An experimental investigation of heat transfer characteristics for steam cooling in a rectangular channel with parallel ribs

An experimental study of heat transfer characteristics in superheated steam cooled rectangular channels with parallel ribs was conducted. The distribution of the heat transfer coefficient on the rib-roughed channel was measured by IR camera. The blockage ratio (e/Dh) of the tested channel is 0.078 and the aspect ratio (W/H) is fixed at 3.0. Influences of the rib pitch-to-height ratio (P/e) and the rib angle on heat transfer for steam cooling were investigated. In this paper, the Reynolds number (Re) for steam ranges from 3070 to 14800, the rib pitch-to-height ratios were 8, 10 and 12, and rib angles were 90°, 75°, 60°, and 45°. Based on results above, we have concluded that: In case of channels with 90° tranverse ribs, for larger rib pitch models (the rib pitch-to-height ratio=10 and 12), areas with low heat transfer coefficient in front of rib is larger and its minimum is lower, while the position of the region with high heat transfer coefficient nearly remains the same, but its maximun of heat transfer coefficient becomes higher. In case of channels with inclined ribs, heat transfer coefficients on the surface decrease along the direction of each rib and show an apparent nonuniformity, consequently the regions with low Nusselt number values closely following each rib expand along the aforementioned direction and that of relative high Nusselt number values vary inversely.
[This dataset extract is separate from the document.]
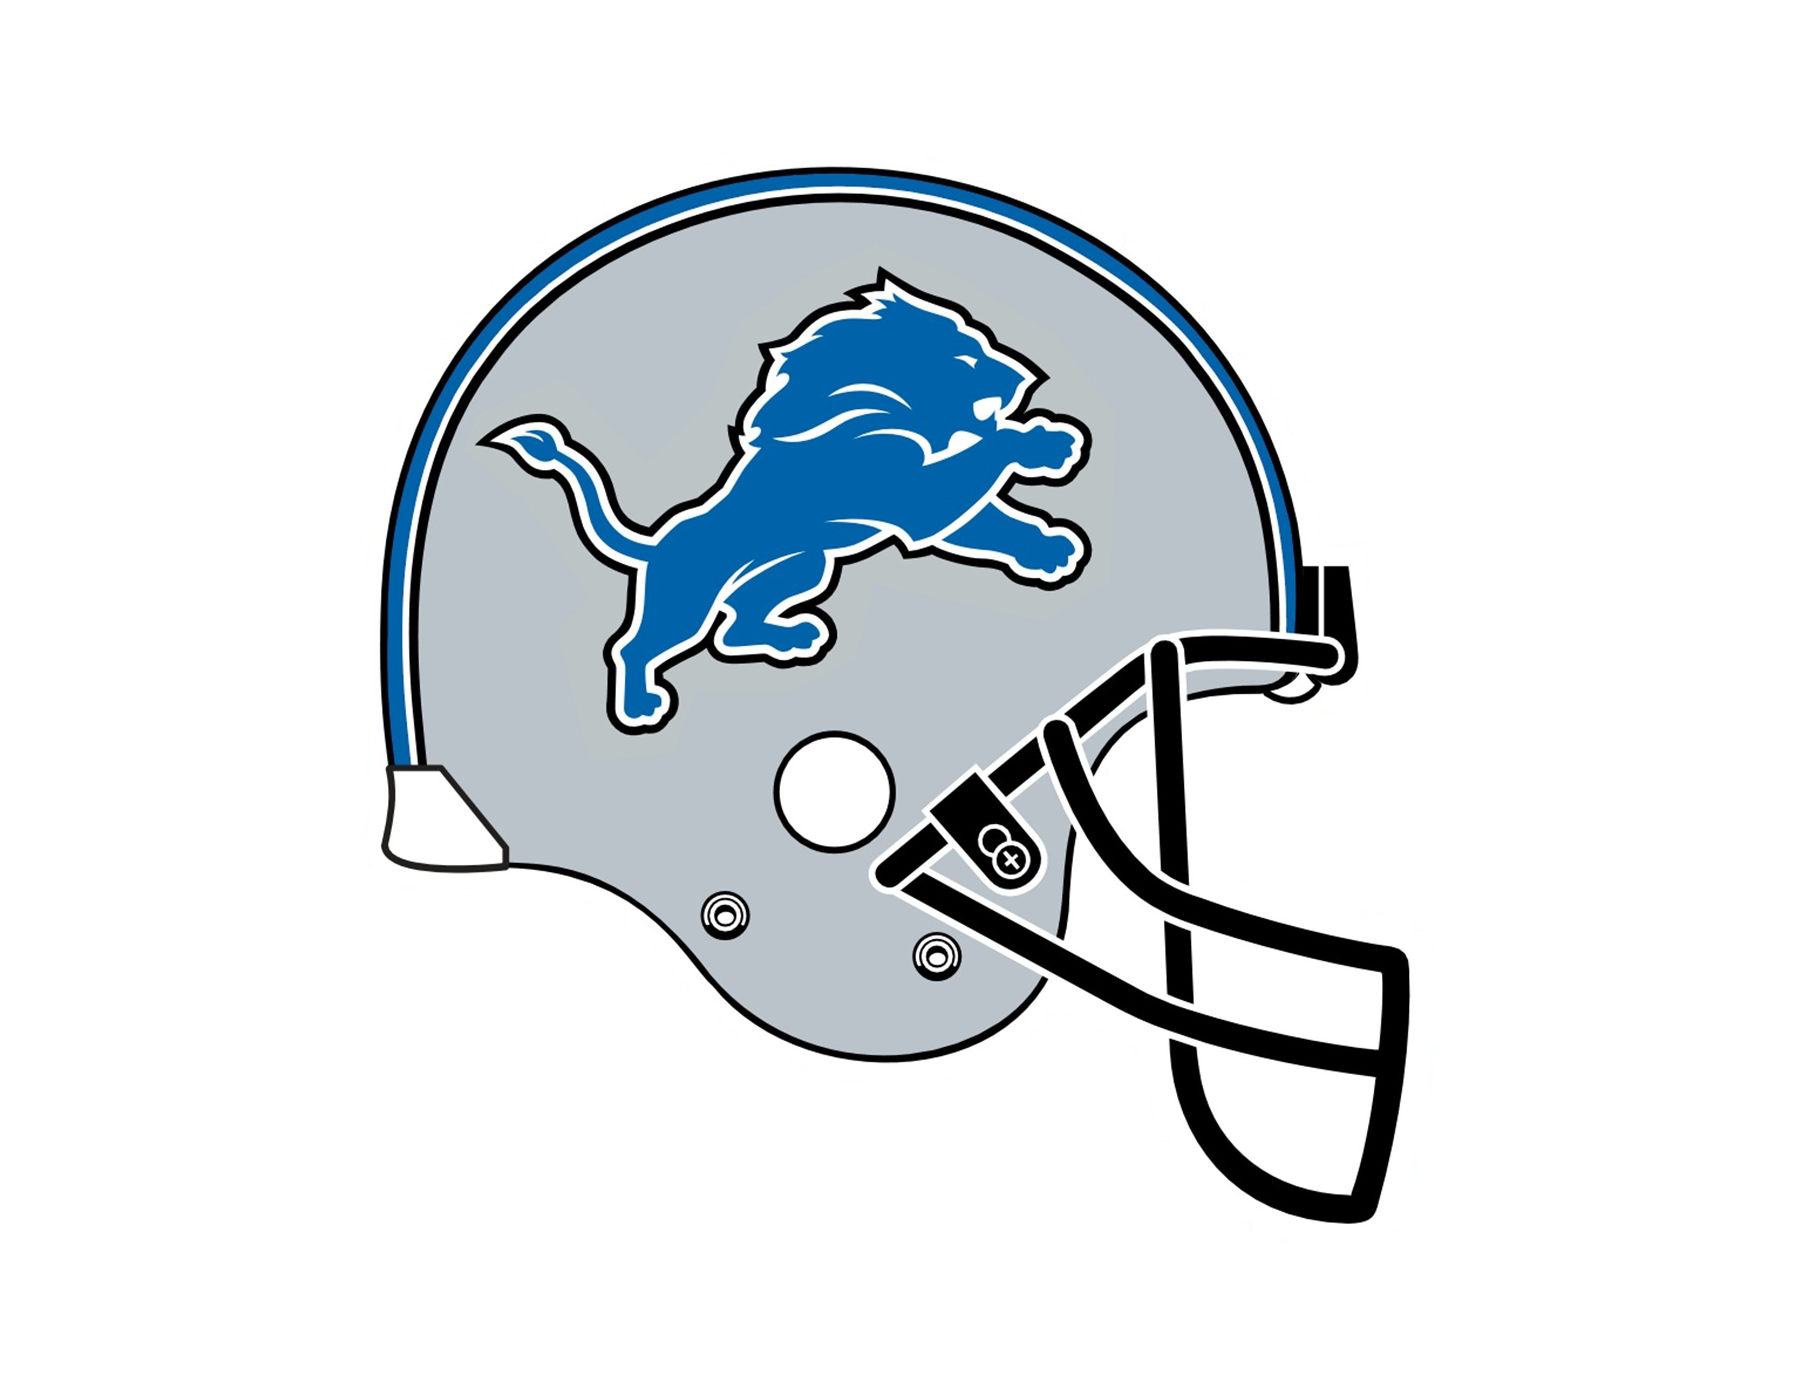 Detroit Lions Ford Field NFL American Football Helmets.

For a square channel with 90° ribs at Re=14800, wider spacing rib configurations (the rib pitch-to-height ratio=10 and 12) give an area-averaged heat transfer on the rib-roughened surface about 8.4% and 11.4% more than P/e=8 model, respectively; for inclined parallel ribs with different rib angles at Re= 14800, the area-averaged heat transfer coefficients of 75°, 60° and 45° ribbed surfaces increase by 20.1%, 42.0% and 44.4% in comparison with 90° rib angle model. 45° angle rib-roughened channel leads to a maximal augmentation of the area-averaged heat transfer coefficient in all research objects in this paper.